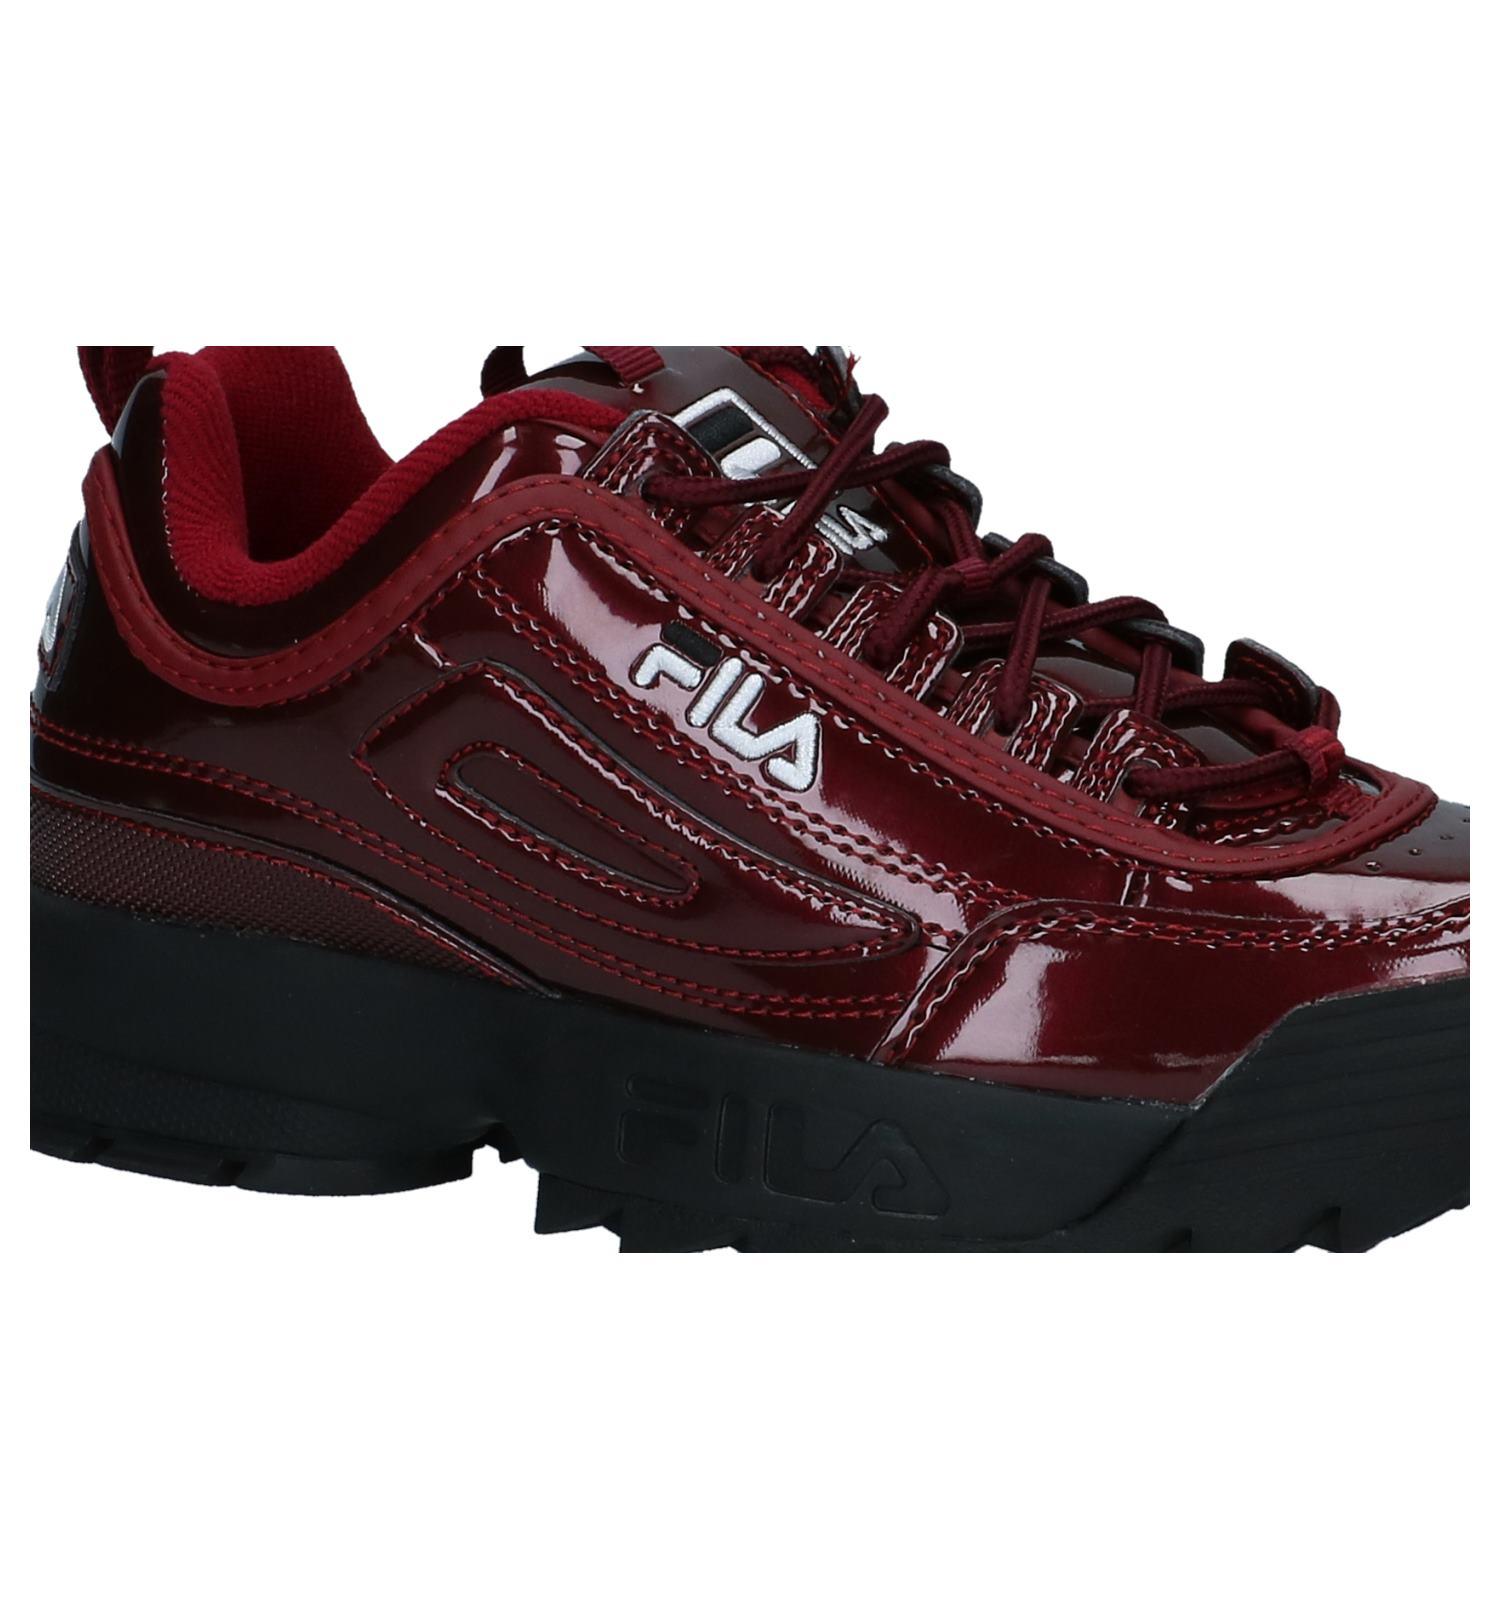 0e8997e2748 Bordeaux Sneakers Fila Disruptor   TORFS.BE   Gratis verzend en retour
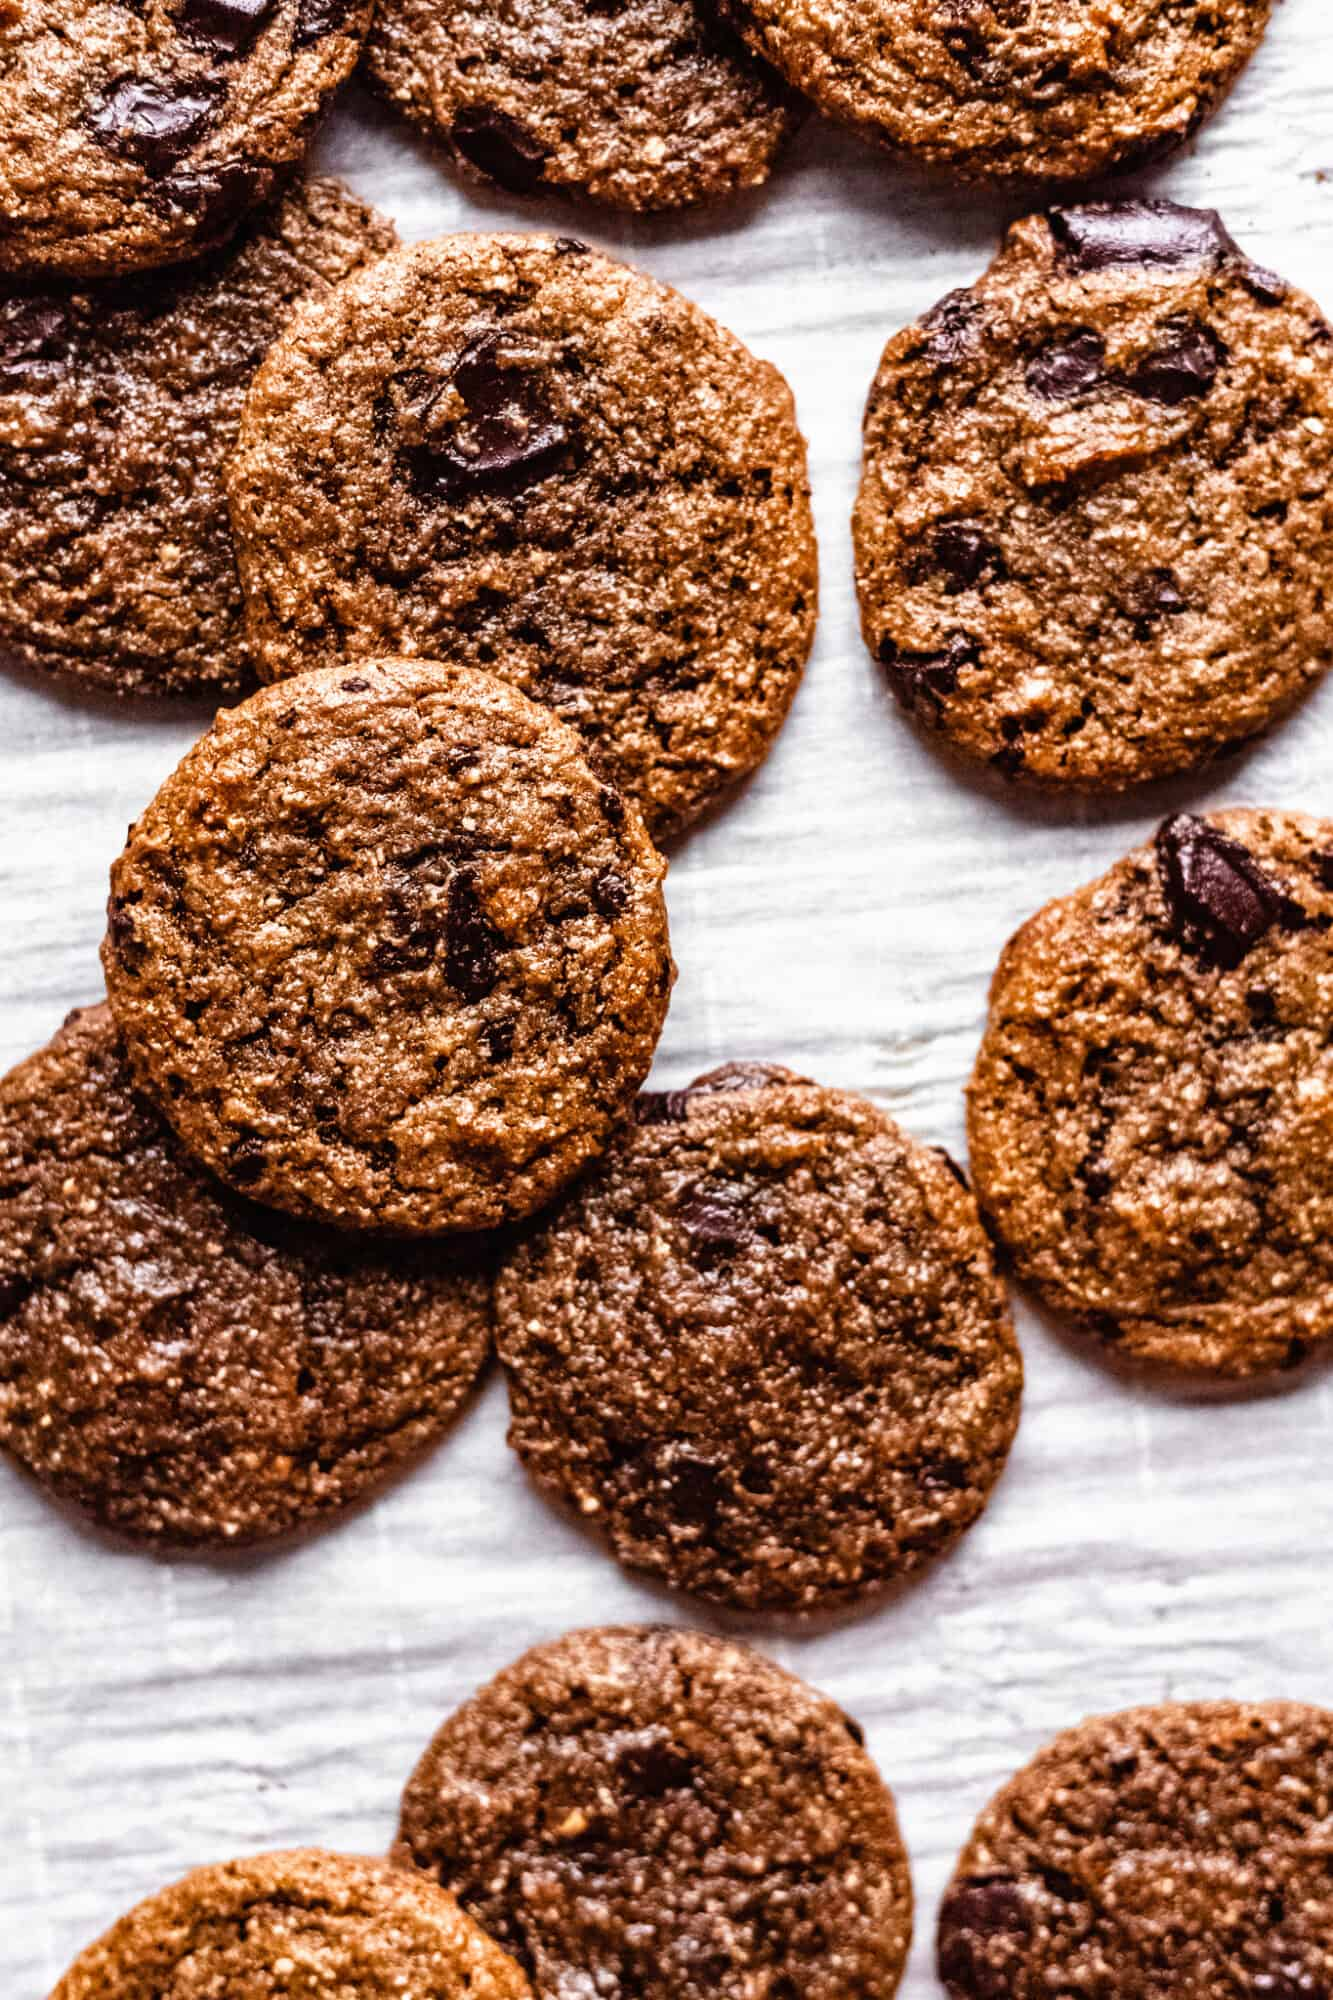 flourless chocolate chip cookies on a baking sheet
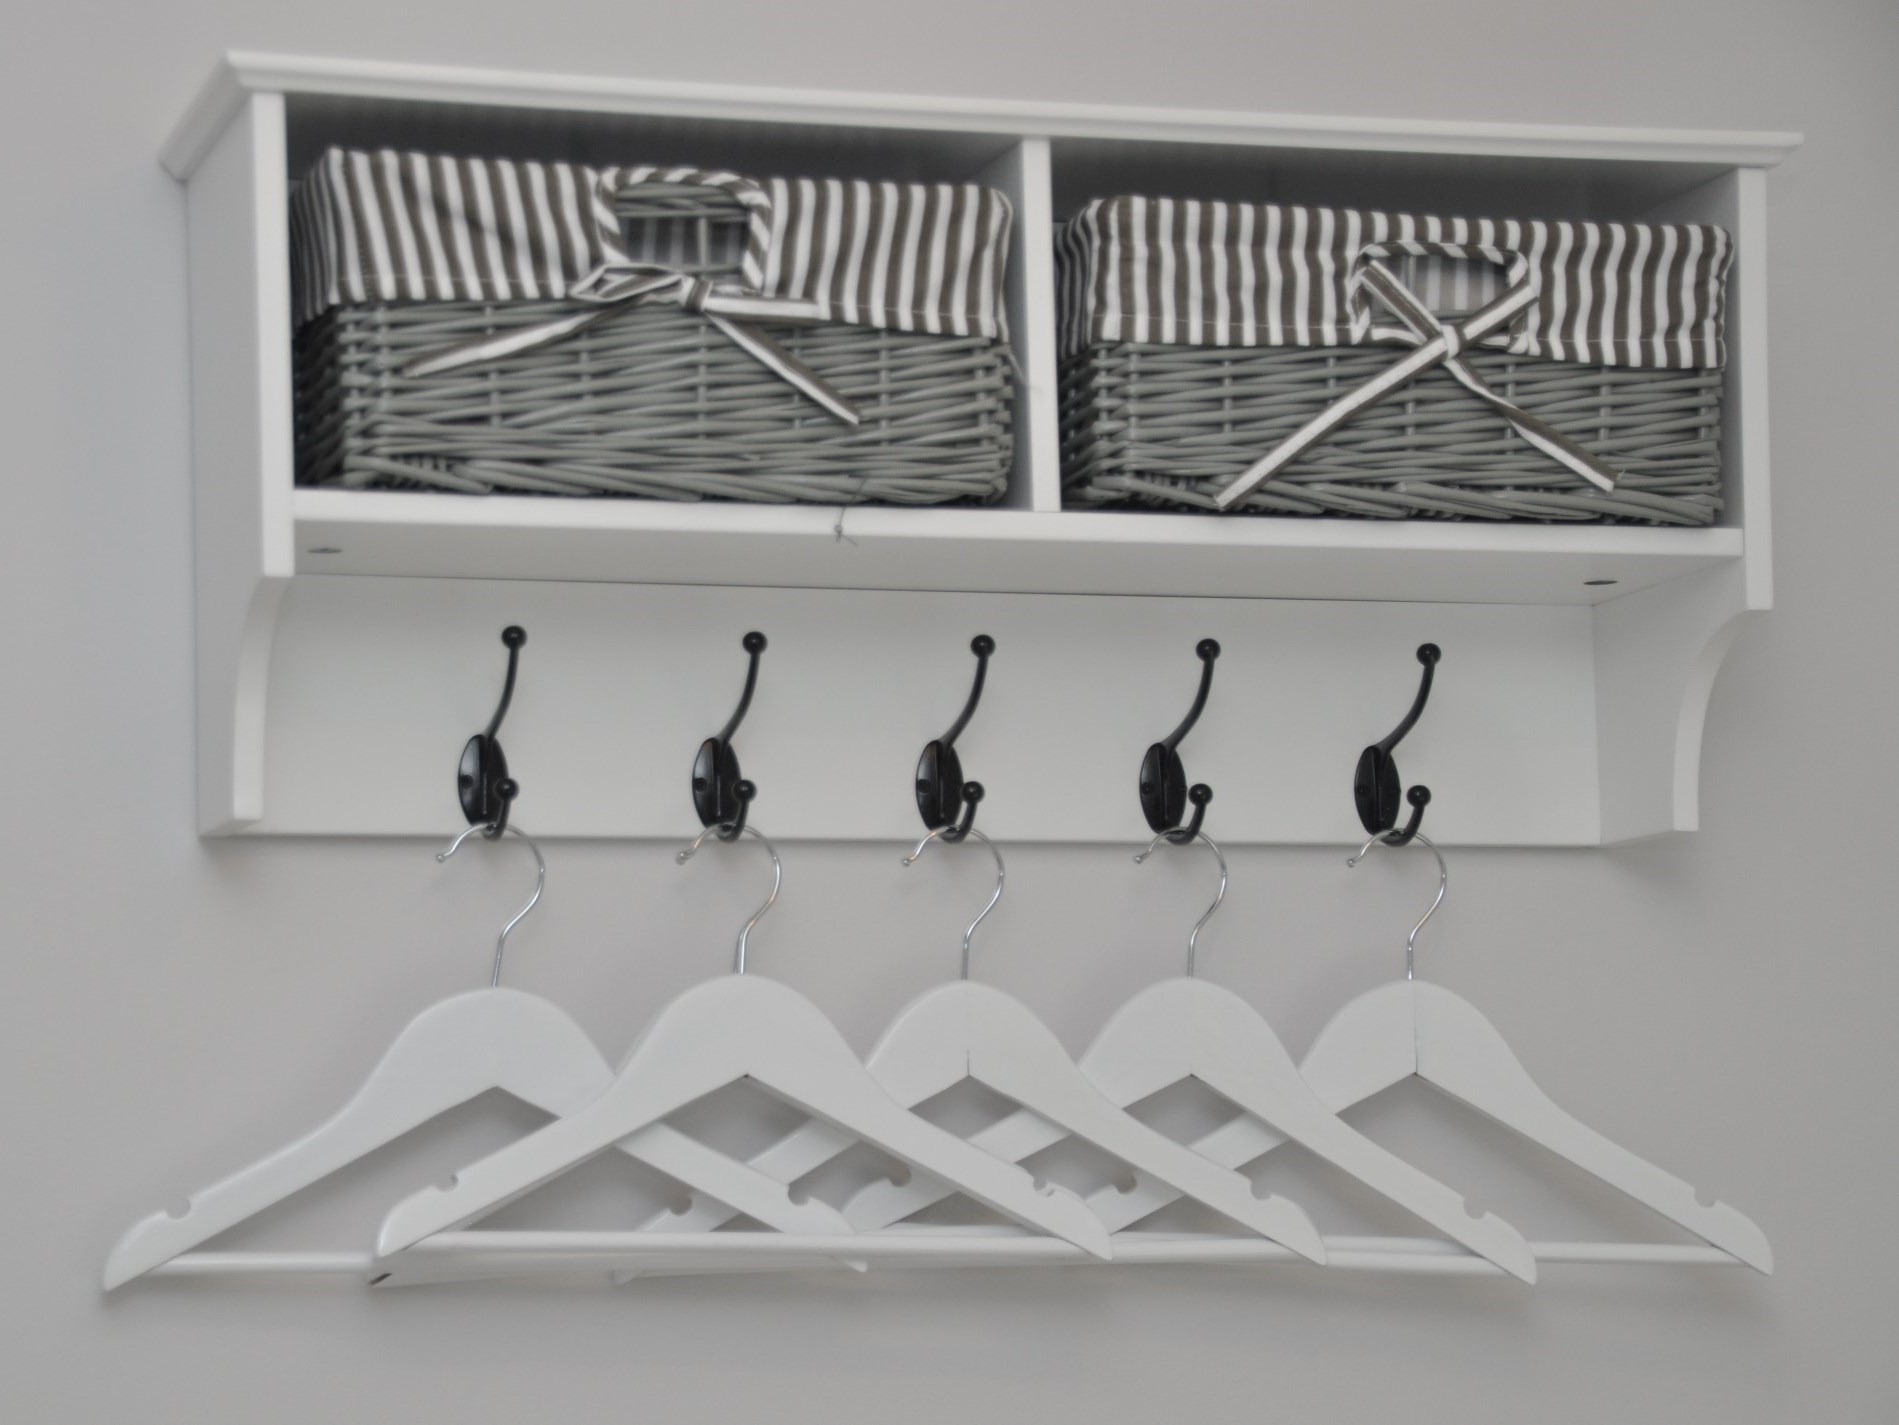 Stylish hanging space

════════════════

(WHAT IS NEEDED) The material above must be set down word for word, with no picture carried over.

(WORKED SOLUTION)
 0e8997e2748 Bordeaux Sneakers Fila Disruptor   TORFS.BE   Gratis verzend en retour
 flourless chocolate chip cookies on a baking sheet
 Stylish hanging space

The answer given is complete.